■ **DATASET SECTION**
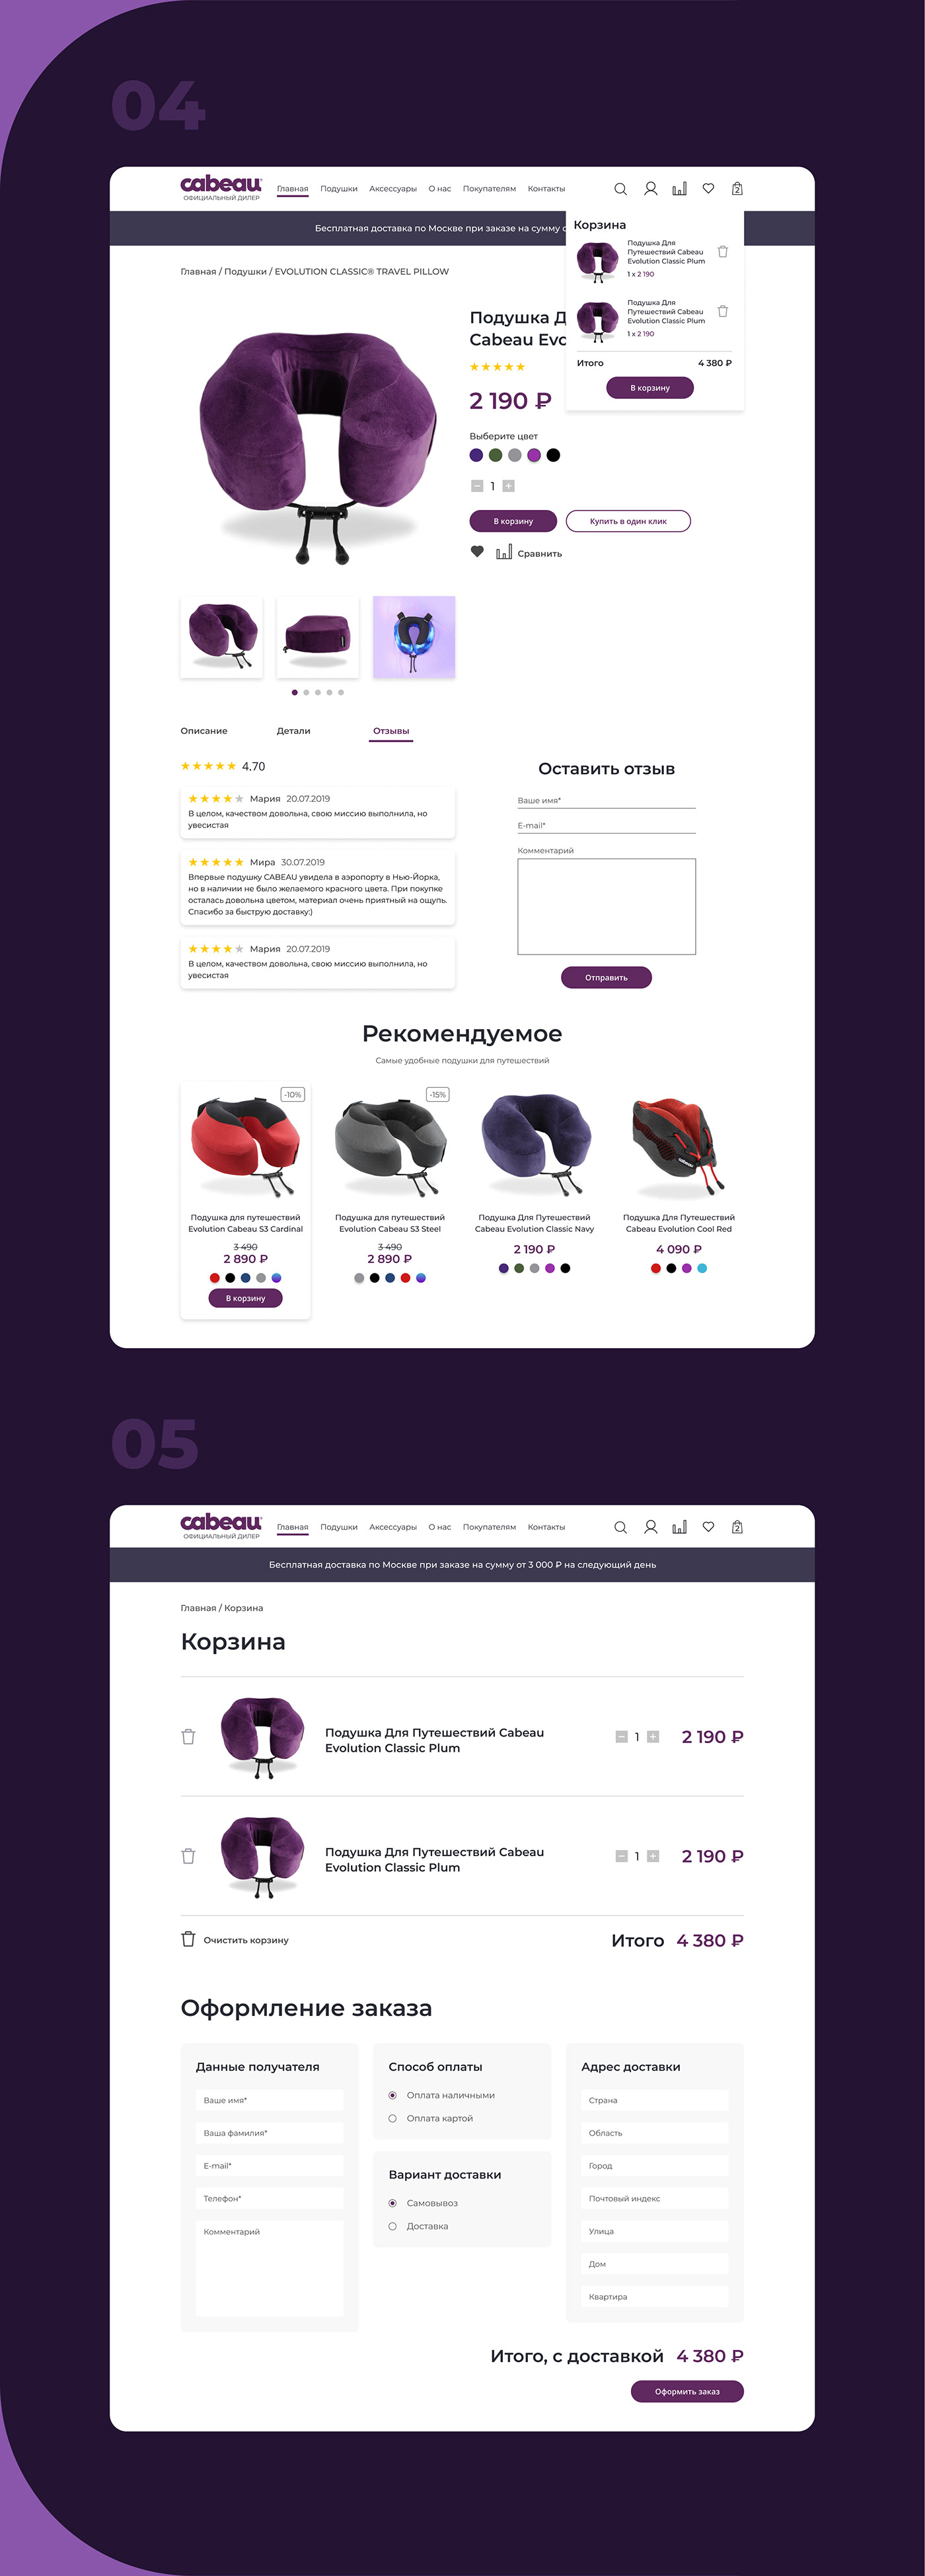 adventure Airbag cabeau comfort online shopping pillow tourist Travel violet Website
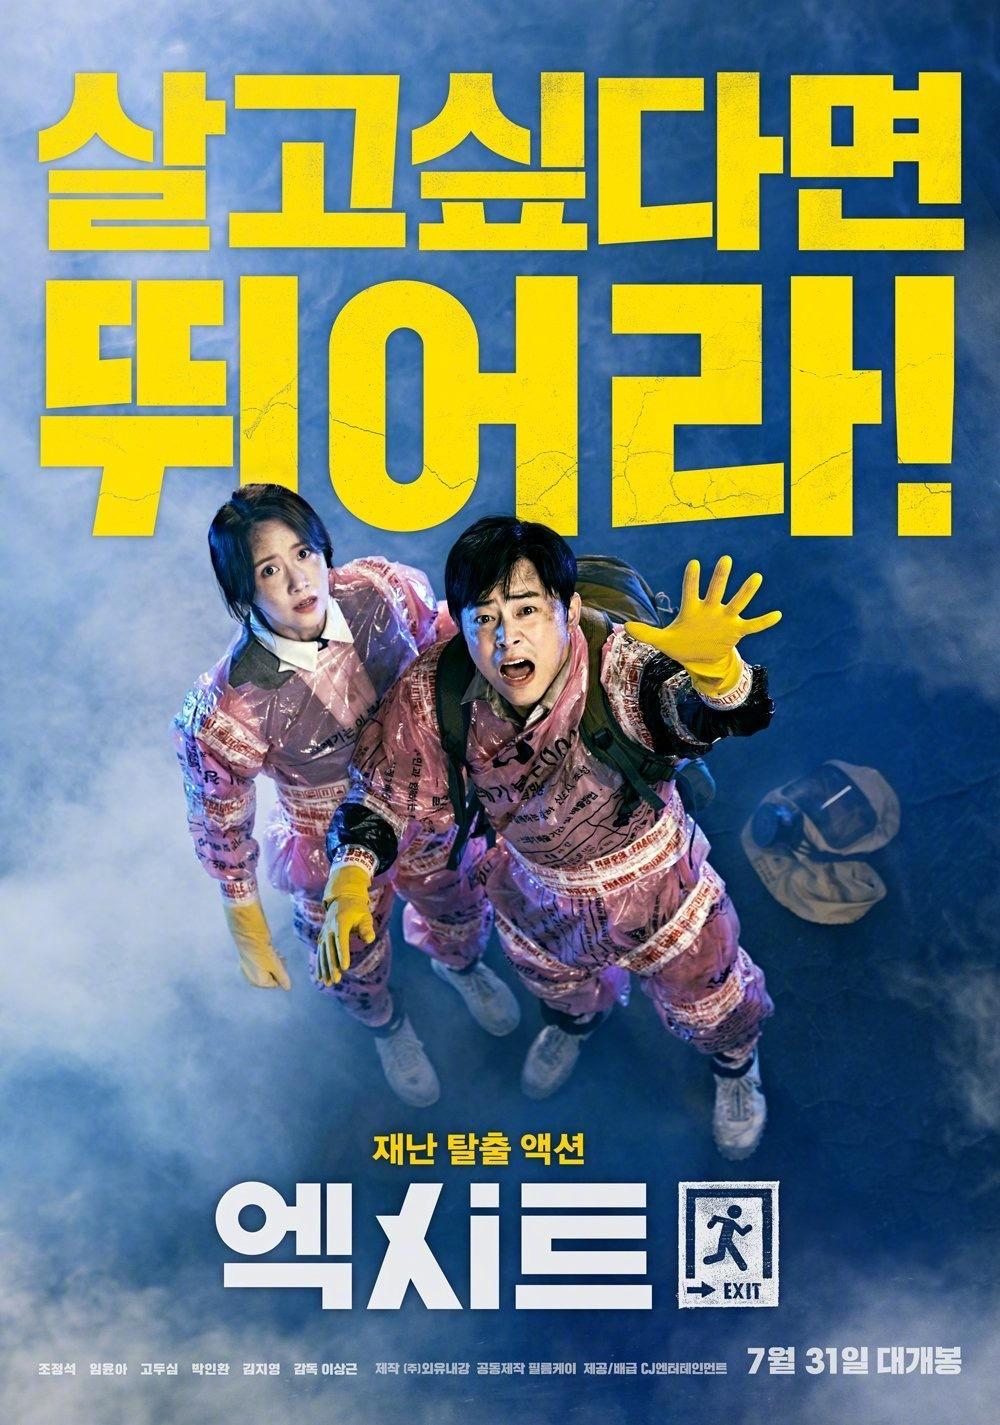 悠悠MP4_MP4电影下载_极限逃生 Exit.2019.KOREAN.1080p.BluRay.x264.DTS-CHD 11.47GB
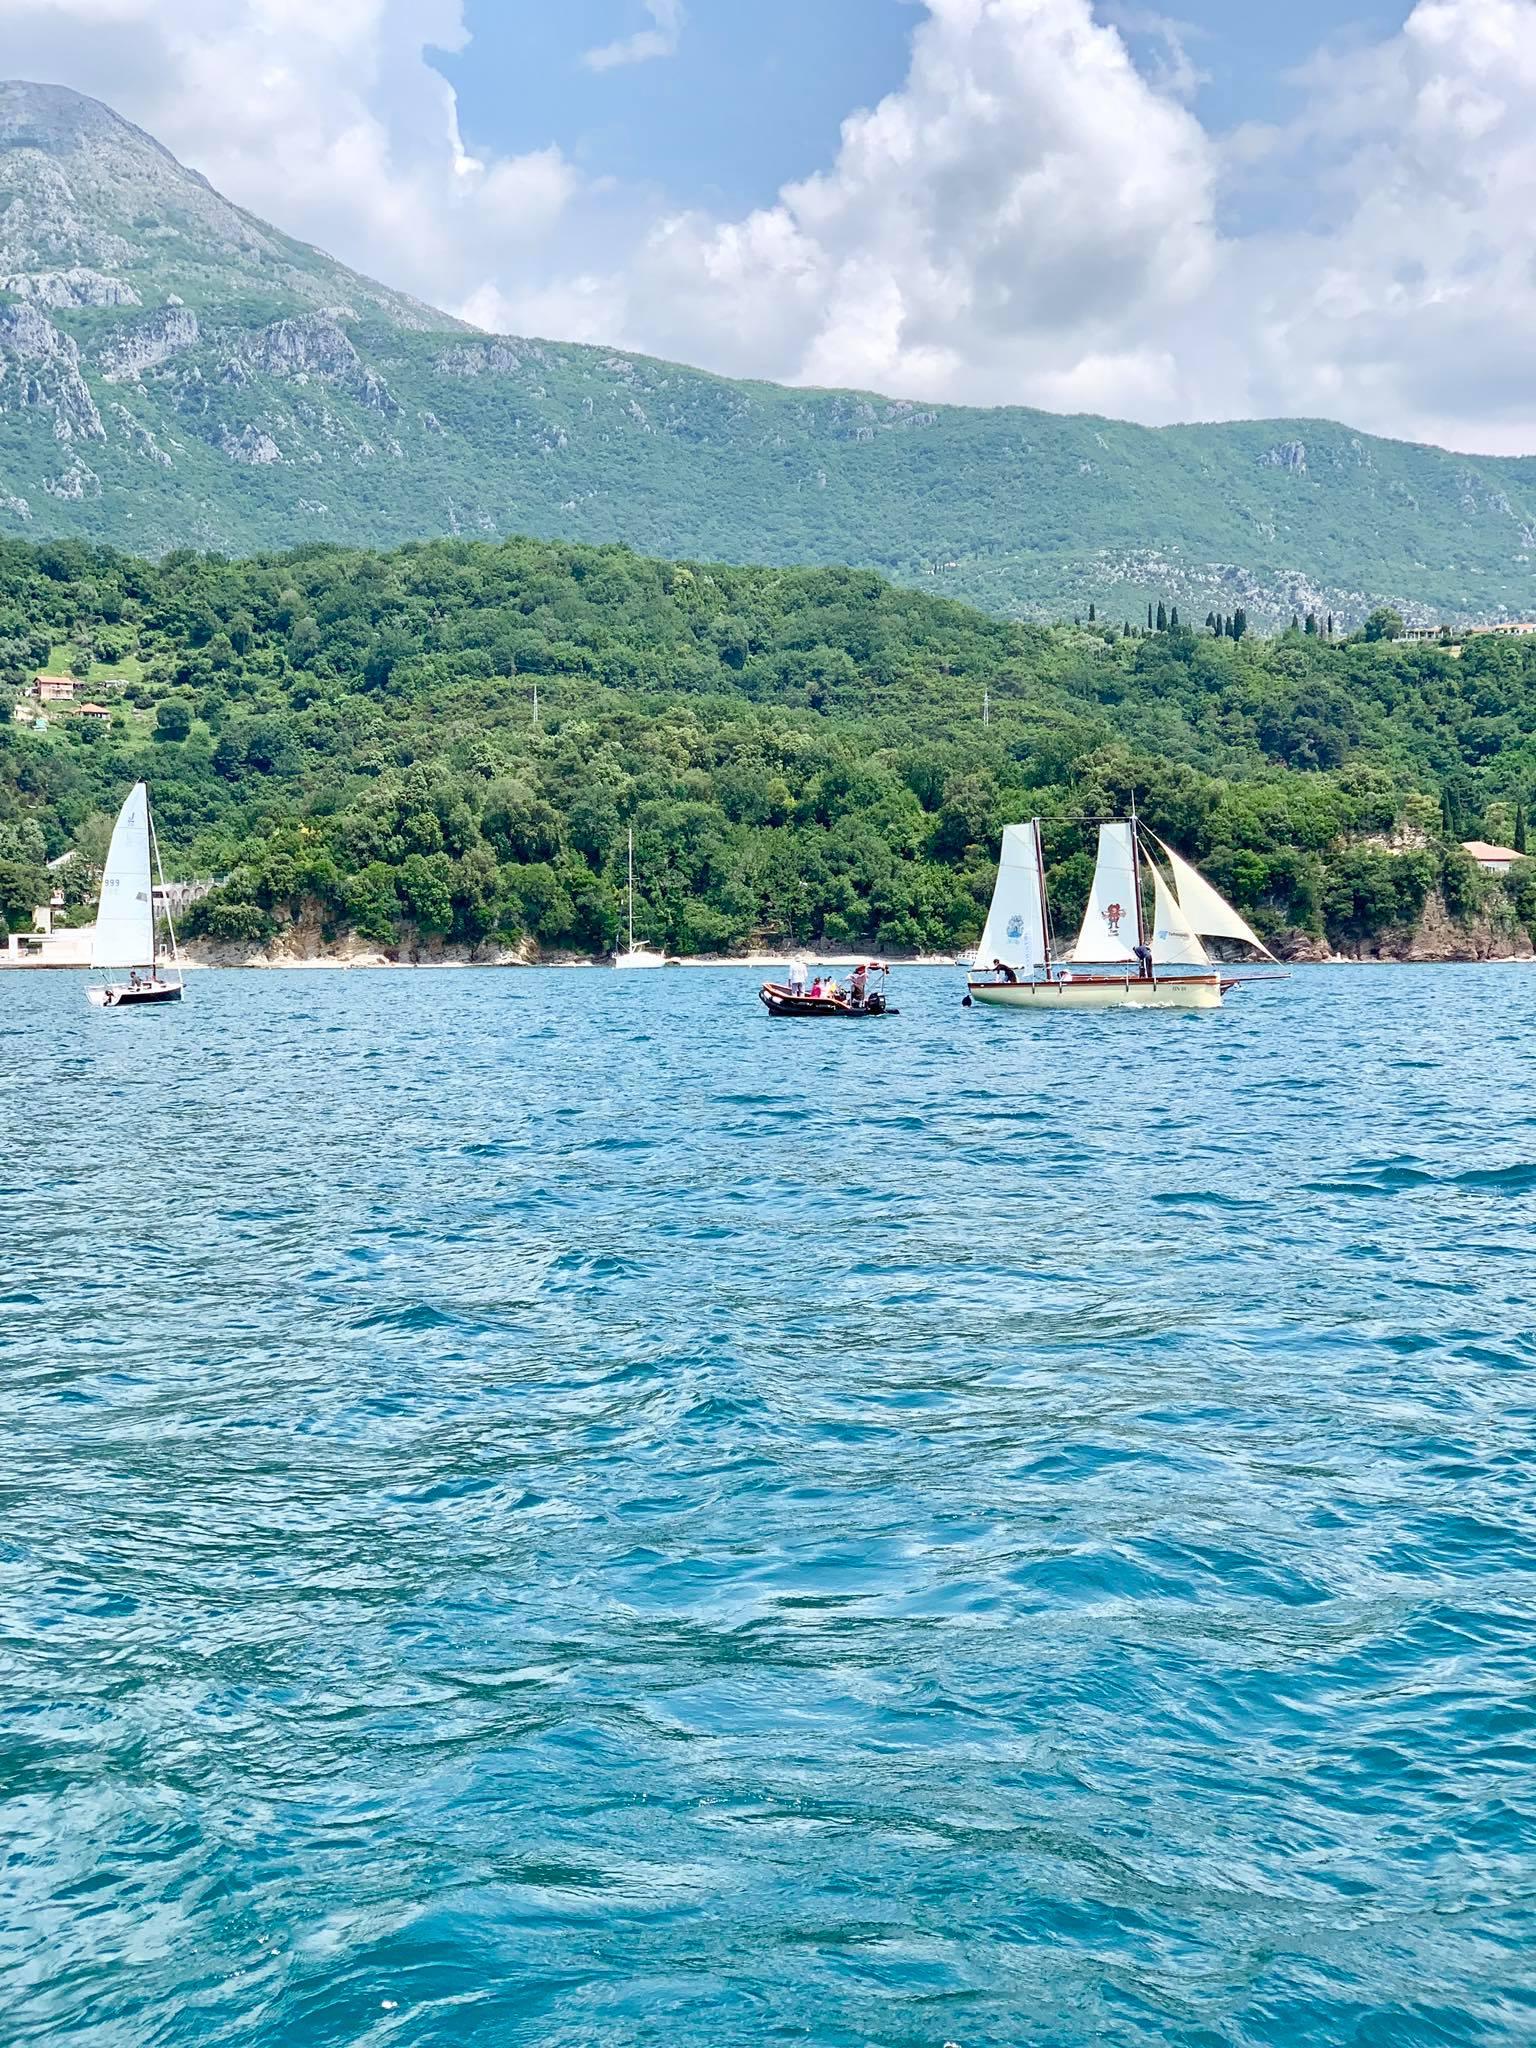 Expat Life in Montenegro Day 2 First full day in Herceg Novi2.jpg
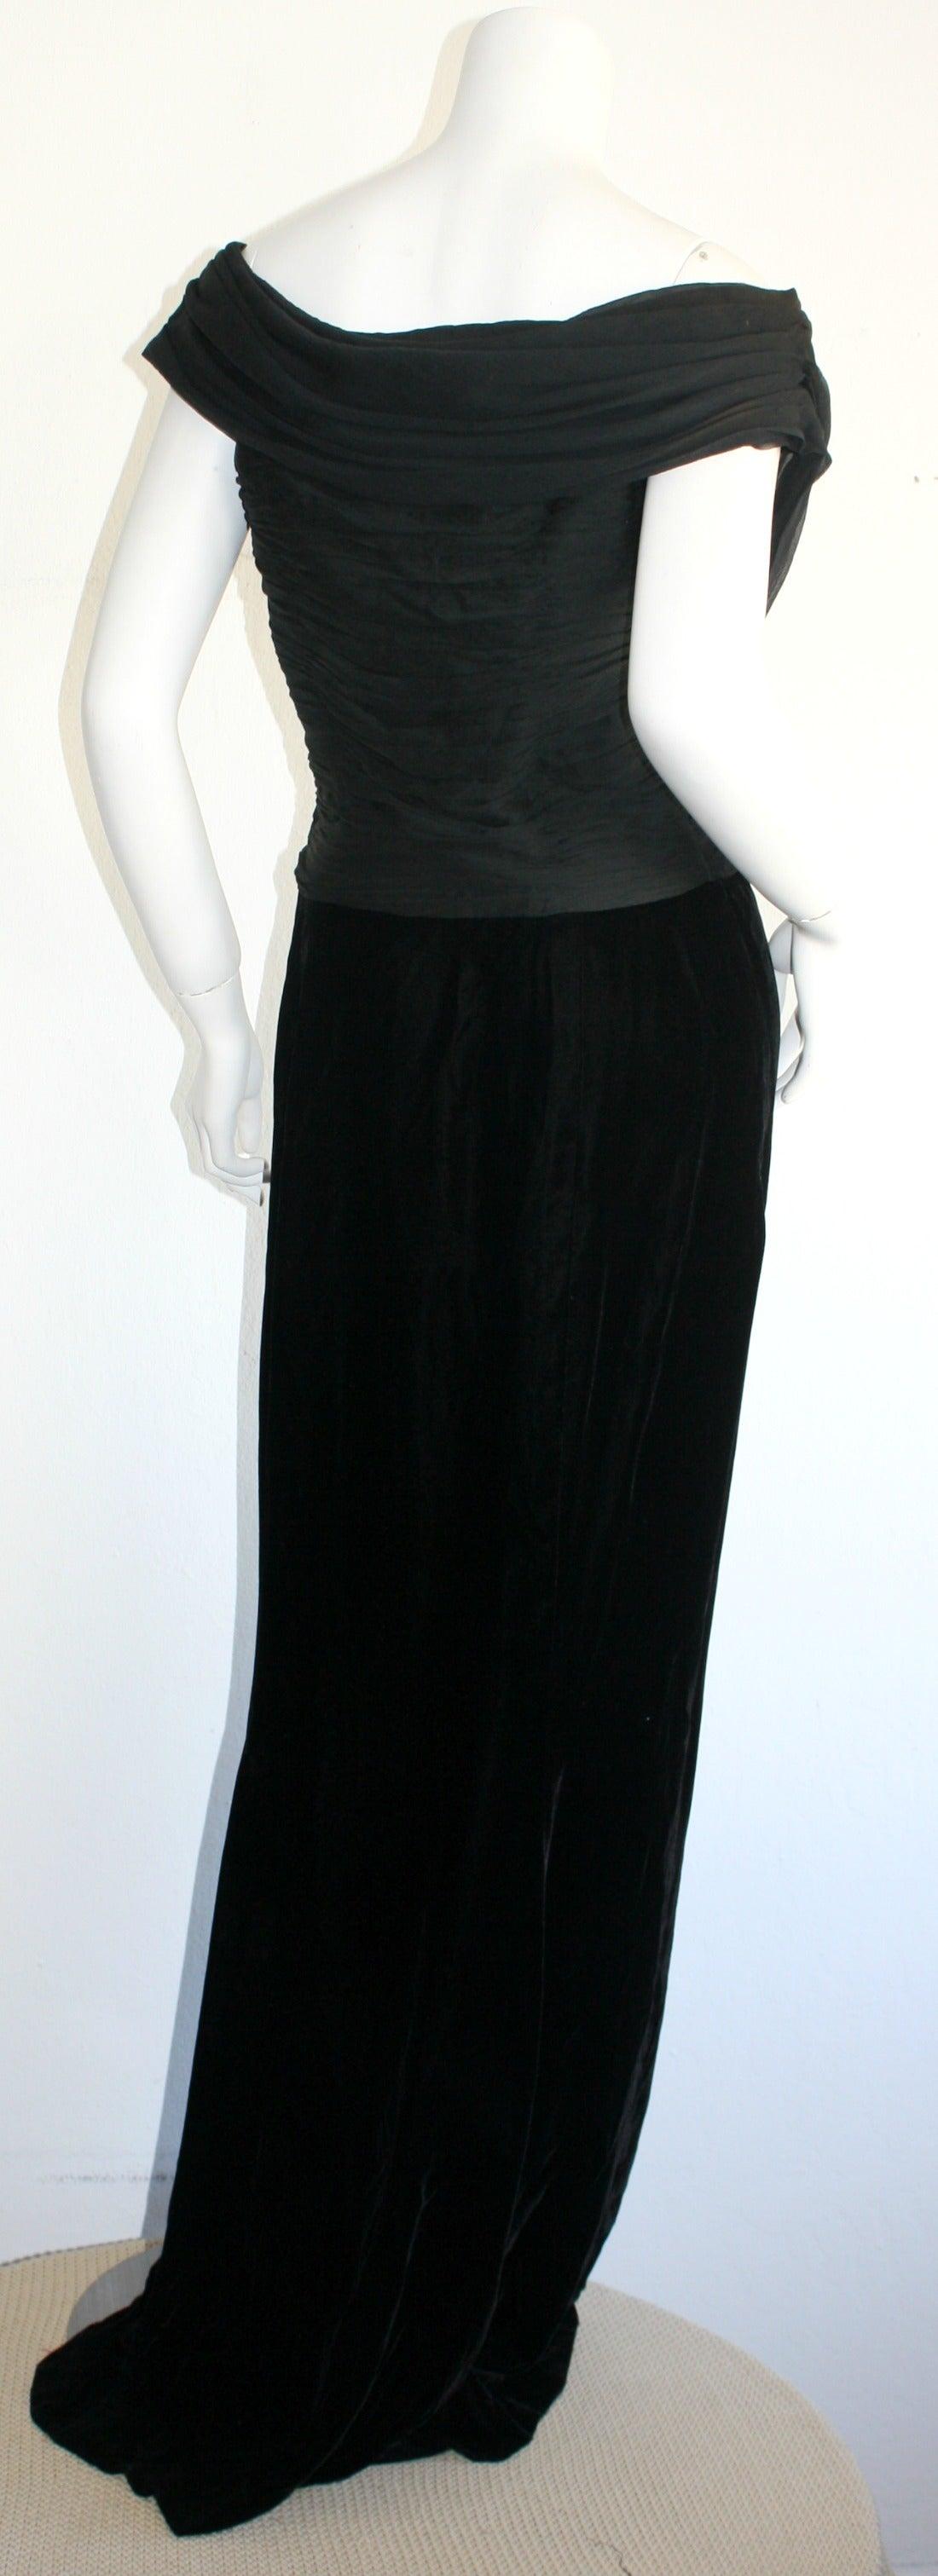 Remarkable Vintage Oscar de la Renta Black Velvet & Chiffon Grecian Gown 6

■ **PROBLEM DESCRIPTION**
What you return must match the material above exactly, minus its pictures.

■ **RESULT BELOW**
 adventure Airbag cabeau comfort online shopping pillow tourist Travel violet Website
 悠悠MP4_MP4电影下载_极限逃生 Exit.2019.KOREAN.1080p.BluRay.x264.DTS-CHD 11.47GB
 Expat Life in Montenegro Day 2 First full day in Herceg Novi2.jpg
 Remarkable Vintage Oscar de la Renta Black Velvet & Chiffon Grecian Gown 6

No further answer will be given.